SOURCE DATA:
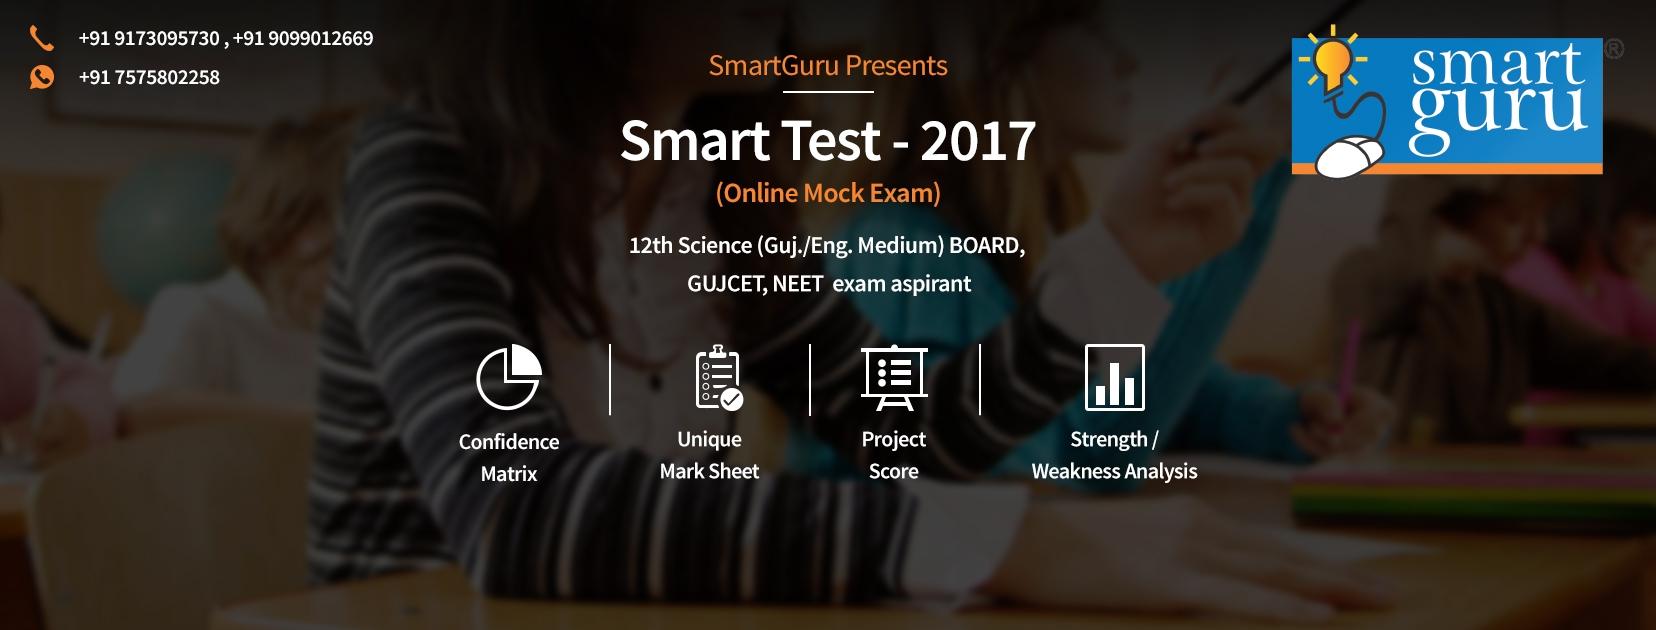 Smart Guru (@smartguru) Cover Image
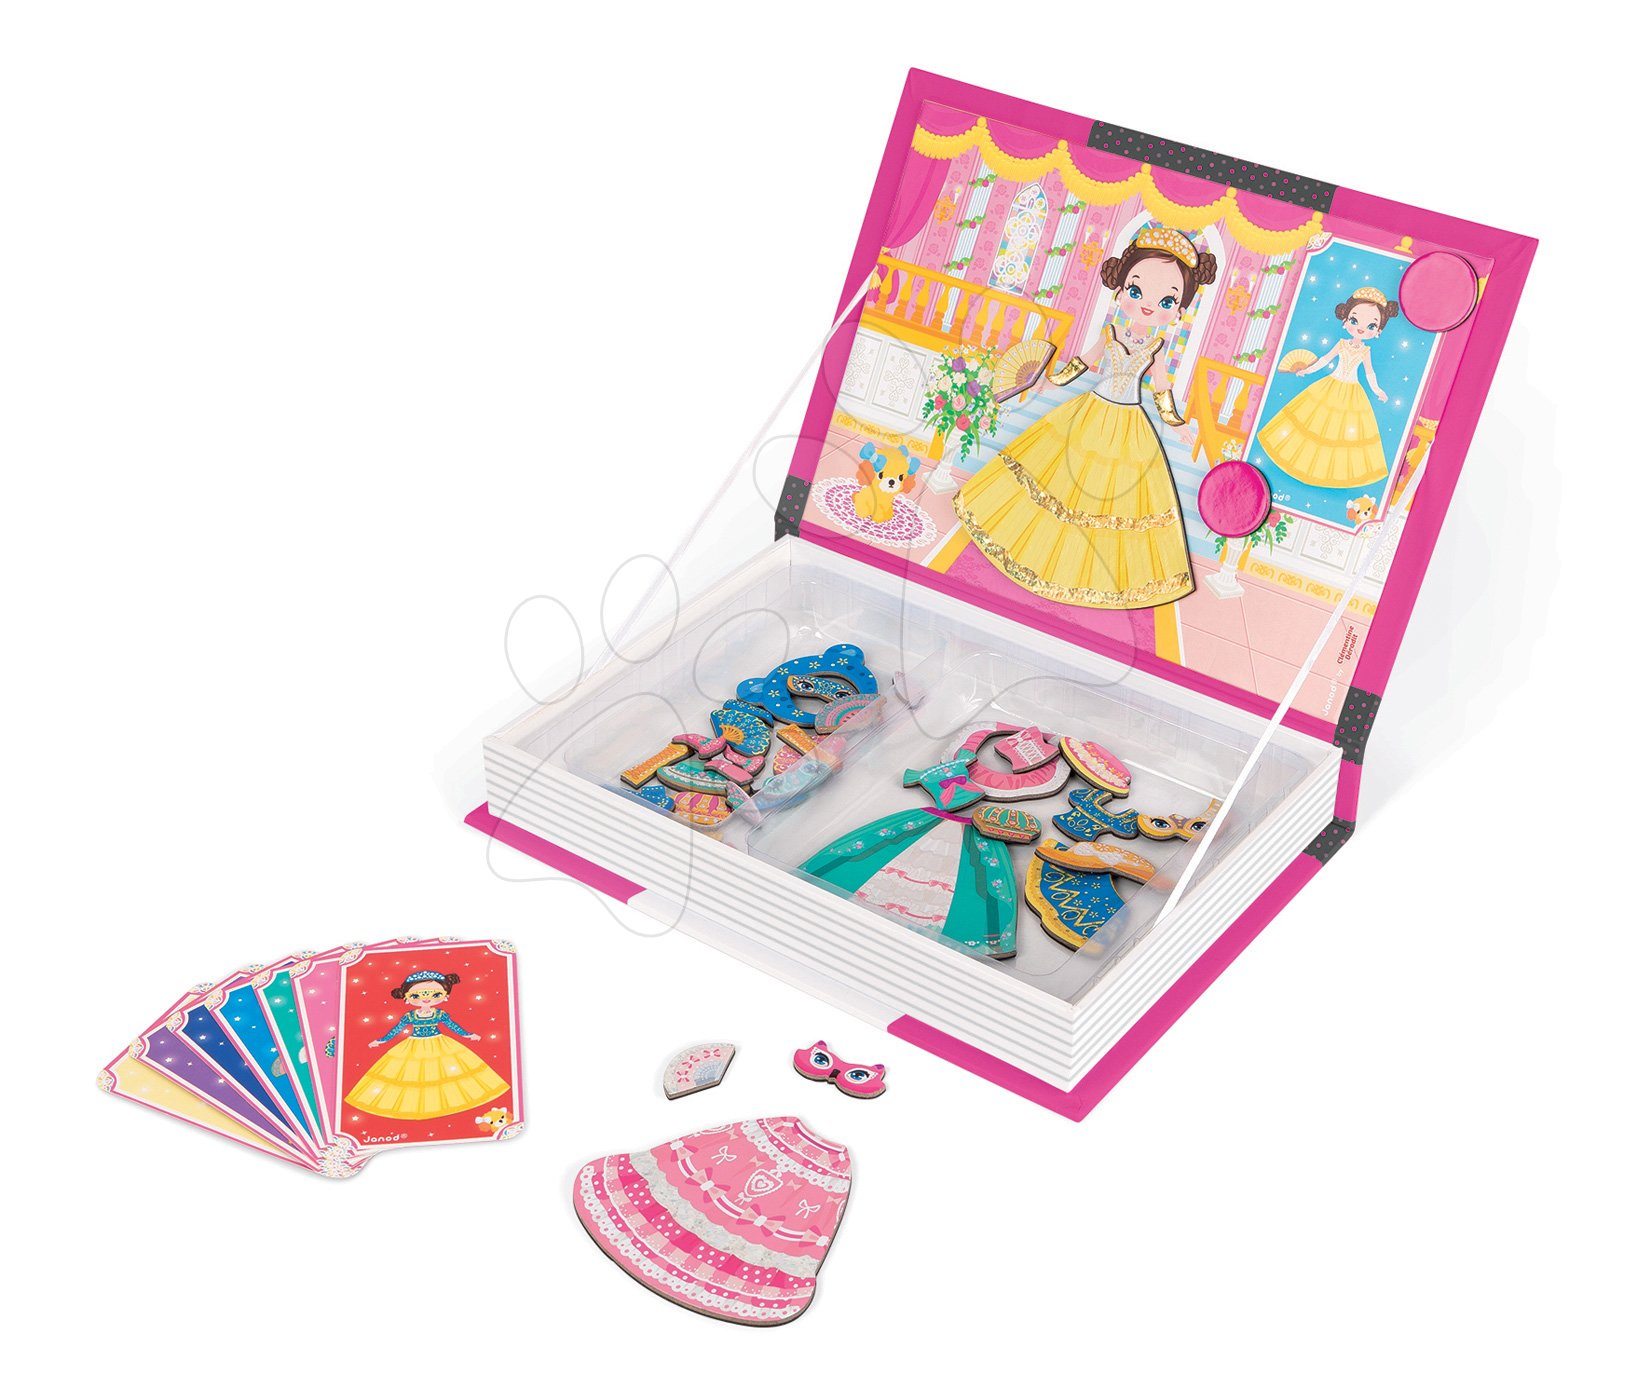 Magnetky pre deti - Magnetická kniha Princezné Magnetis'Book Janod 8 kariet
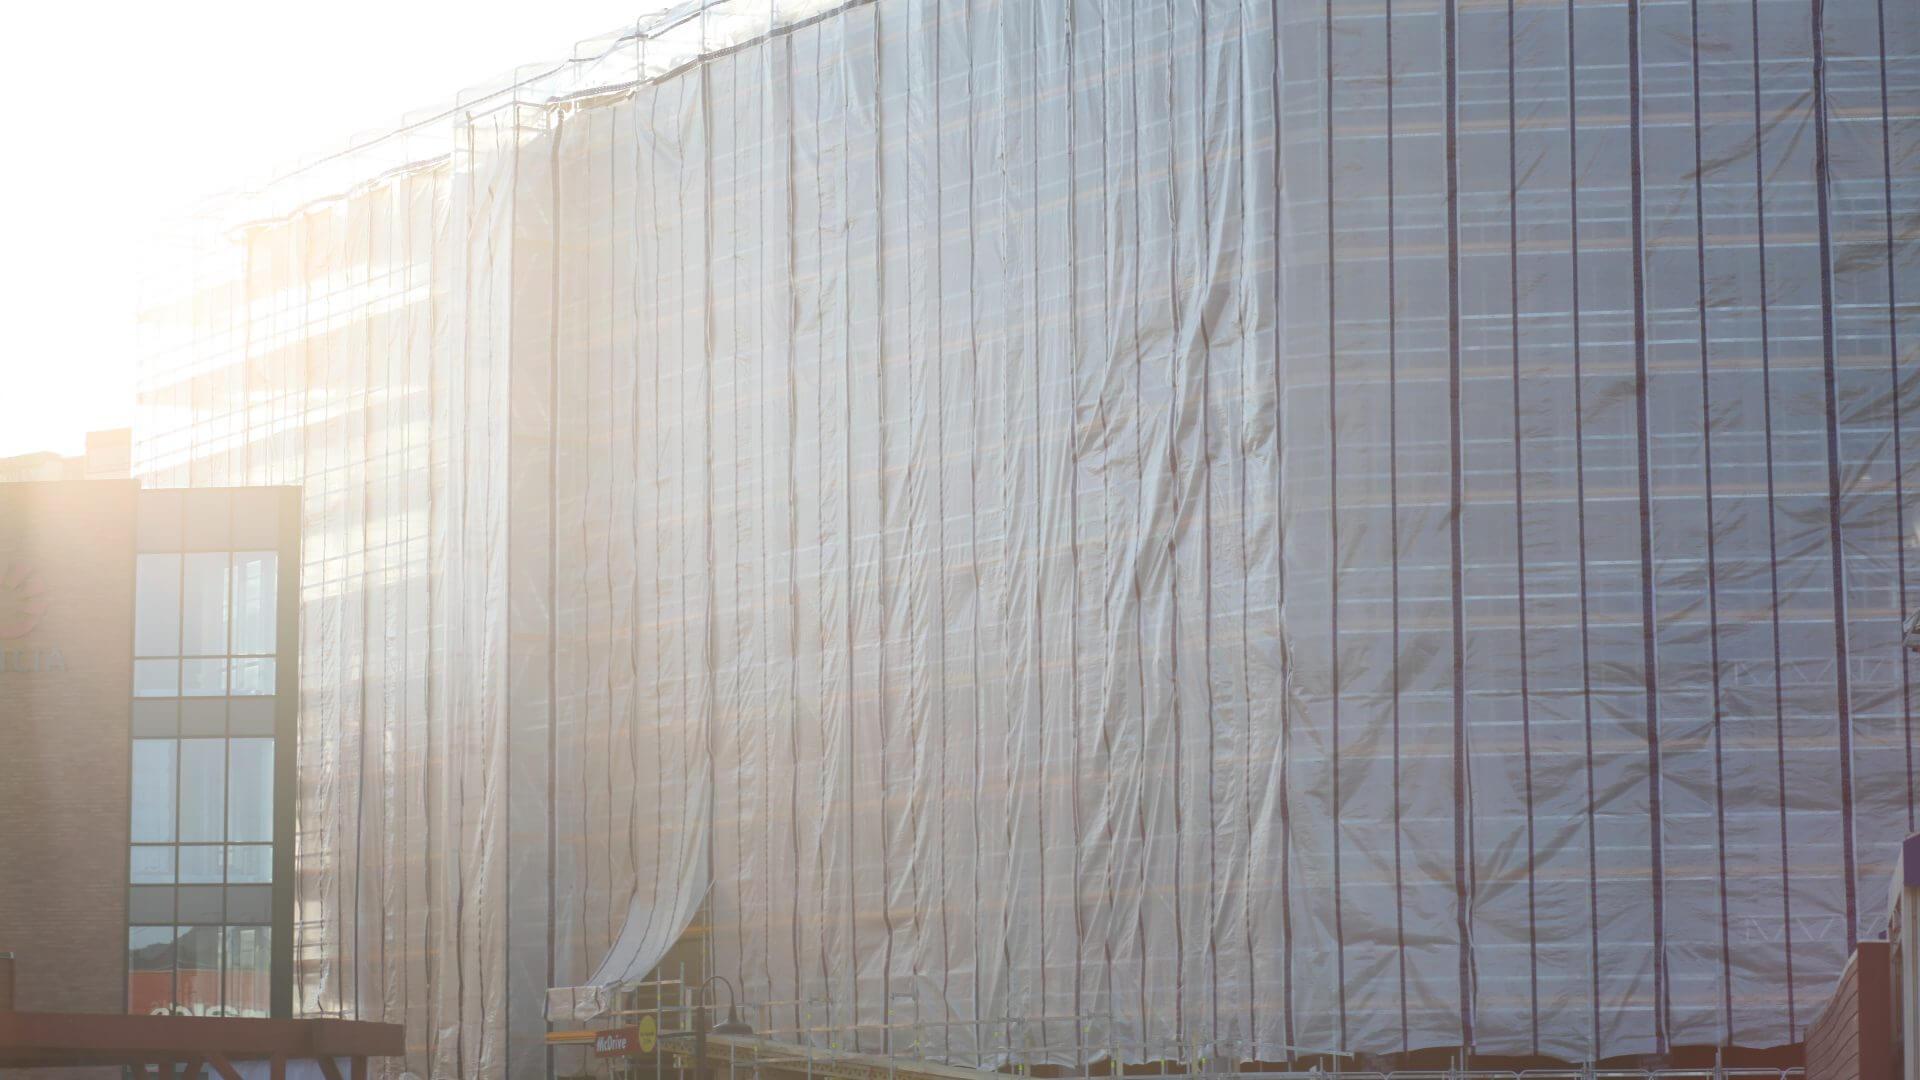 obwiik presenning teknisk tekstil stillasinndekking

WHAT IS BEING ASKED: The response should be the full material, repeated exactly, with images removed.

SOLVED PROBLEM:
 Smart Guru (@smartguru) Cover Image
 Magnetky pre deti - Magnetická kniha Princezné Magnetis'Book Janod 8 kariet
 obwiik presenning teknisk tekstil stillasinndekking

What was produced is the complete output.